What extra quality do animals that work out how to exploit new food sources have? If you're a guppy, it seems to help if you're small, hungry and female (Anim. Behav. 57, 331-340; 1999).

Credit: CORBIS/DORLING KINDERSLEY

Kevin Laland and Simon Reader set up lab populations of the guppy Poecilia reticulata (below) consisting of males and females and hungry and well-fed fish. The fish were then put in a maze with food at the end of it. In three-quarters of the trials, a female was the first to discover the novel food source. Two-thirds of the time, it was a hungry fish that solved the problem. In a separate experiment the authors found that smaller fish were faster problem-solvers. There is some evidence that new behaviours can spread by imitation.

These results show that, rather than innovators being inherently creative, a fish's circumstances can drive it to experiment. Hungry fish are more active, better motivated to find food, and more likely to take risks than their better-fed counterparts. Small fish might do better to discover new food than fight with bigger fish for existing food sources.

Why, then, should females be smarter?
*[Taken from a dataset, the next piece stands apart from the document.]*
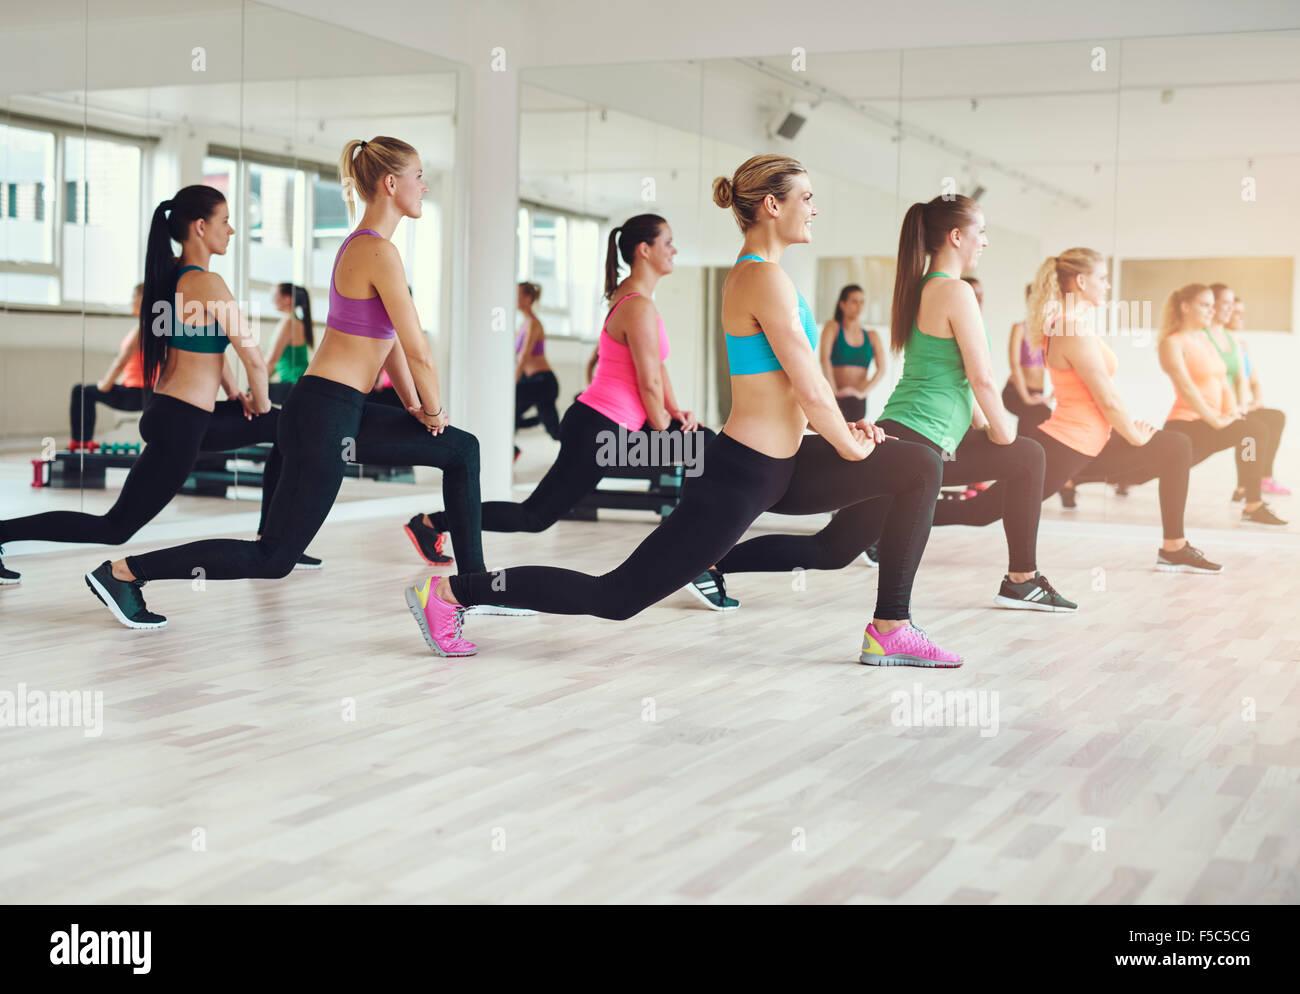 Gimnasio, el deporte, la formación, el gimnasio y el concepto de estilo de vida - grupo de gente sonriente Imagen De Stock

Laland and Reader speculate that this is a consequence of motherhood. Guppies give birth to live young, so females, which are almost permanently pregnant, need extra food to nurture their brood. Males are probably better employed seeking out new mates than new food sources, so we might expect to see more innovative behaviour in this area of activity — something that could apply across the animal kingdom, as it is common for females to invest more in their offspring than males.

But it seems that innovators are born, as well as made. Fish that were ‘past innovators’ cracked new problems significantly quicker than ‘past non-innovators’. So — starving artists take note — although perspiration helps, it's best to have a spark of inspiration too.